La economía inteligente no puede limitarse a elevar la eficiencia productiva, debe garantizar una mejor distribución de la riqueza.

Esta realidad no es un asunto menor: miles de familias en México enfrentan hoy la falta de ingresos, la incertidumbre alimentaria y la imposibilidad de garantizar educación para sus hijos, lo que las empuja hacia condiciones de pobreza cada vez más profundas.

Frente a este panorama, surge una interrogante fundamental: ¿para quién está trabajando el progreso tecnológico? Si bien la innovación ha permitido elevar la productividad y optimizar los procesos industriales, sus beneficios no están llegando de manera equitativa a toda la población.

El doctor Brasil Acosta Peña, economista, ha planteado con claridad este dilema. Durante el seminario “Oportunidades de Desarrollo de la Economía Inteligente entre China y México”, organizado por la Agencia de Noticias Xinhua, sostuvo que la llamada economía inteligente no puede limitarse únicamente a incrementar la eficiencia productiva, sino que debe garantizar una mejor distribución de la riqueza.

Su postura resulta contundente: mientras al interior de las fábricas se ha alcanzado un alto grado de desarrollo científico, donde predominan las matemáticas, la precisión y la innovación, al momento de distribuir los productos impera una lógica distinta: la del mercado sin regulación suficiente, donde domina “la ley del más fuerte”. Este contraste revela una profunda contradicción del sistema económico actual.

La experiencia internacional, particularmente la de China, demuestra que es posible desarrollar fuerzas productivas altamente avanzadas, incluso con fábricas automatizadas que requieren mínima intervención humana.

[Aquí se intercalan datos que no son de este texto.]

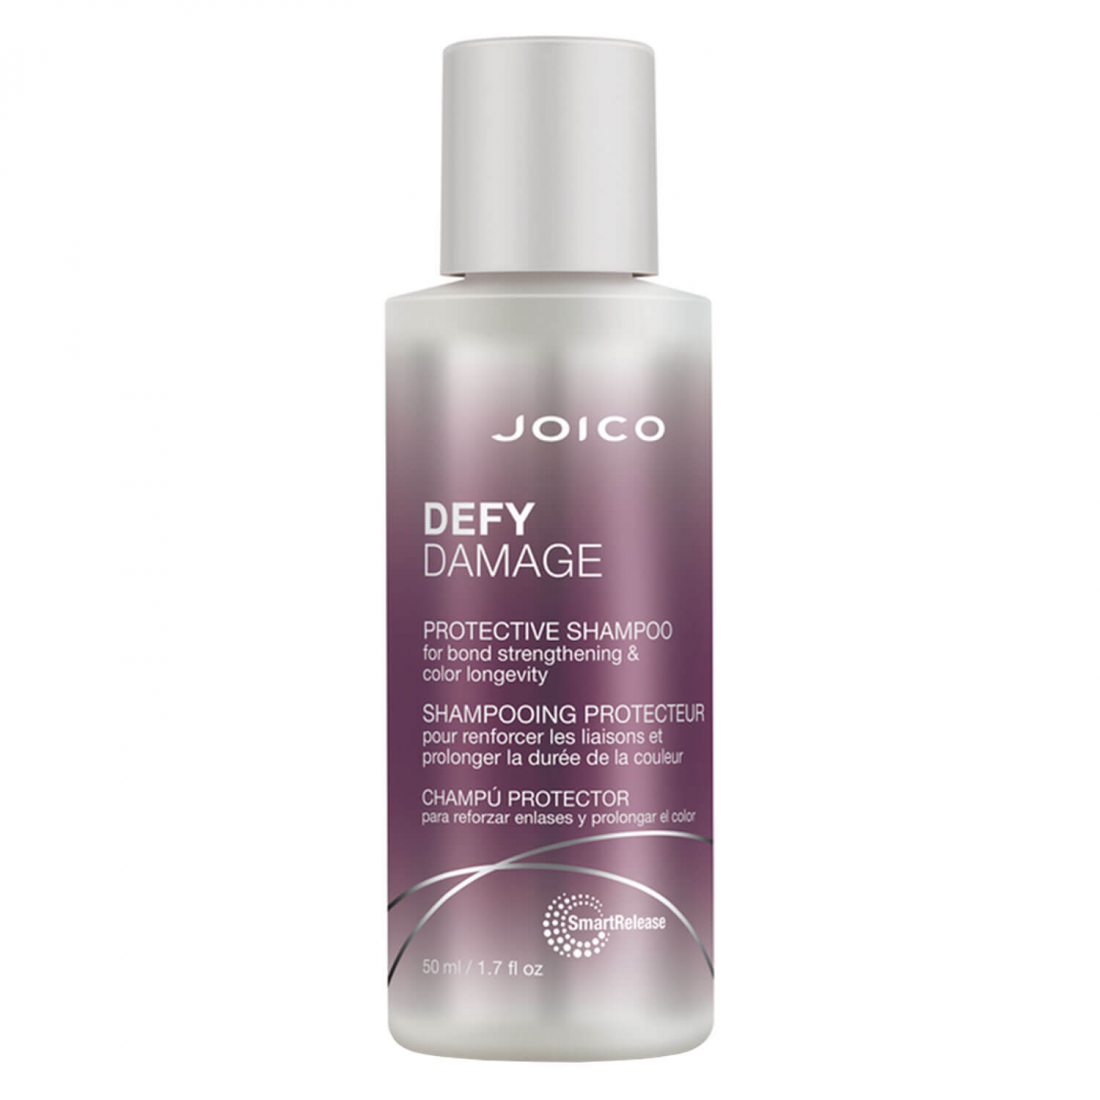 'Defy Damage' Shampoo - 50 ml

Sin embargo, el verdadero desafío no radica únicamente en producir más, sino en distribuir mejor.

Hoy contamos con herramientas como la inteligencia artificial, la digitalización y, en un futuro cercano, la computación cuántica. 

La pregunta es inevitable: ¿por qué no utilizar estos avances para diseñar mecanismos de distribución más justos? No se trata de una utopía, sino de una posibilidad real si existe voluntad política y visión social.

En México, el problema se agrava. Bajo el contexto de políticas económicas recientes, miles de trabajadores han sido desplazados del mercado laboral sin que existan alternativas suficientes para su reinserción. 

La automatización, lejos de ser un aliado en la lucha contra la pobreza, se ha convertido en un factor que profundiza la desigualdad.

Por ello, es necesario replantear el rumbo. Una verdadera economía inteligente debe tener como objetivo central el bienestar de la población. 

No basta con producir más; es indispensable garantizar que esa riqueza llegue a todos. Esto implica diseñar políticas públicas que acompañen el desarrollo tecnológico con estrategias de redistribución, educación, capacitación y protección social.

La historia ha demostrado que el progreso económico sin justicia social genera inestabilidad y exclusión. Hoy estamos ante una oportunidad crucial: aprovechar la tecnología no solo para crecer, sino para construir una sociedad más equitativa.

Combatir la pobreza no debe ser un efecto secundario del desarrollo, sino su propósito principal. Esa es, en esencia, la verdadera inteligencia económica que México necesita.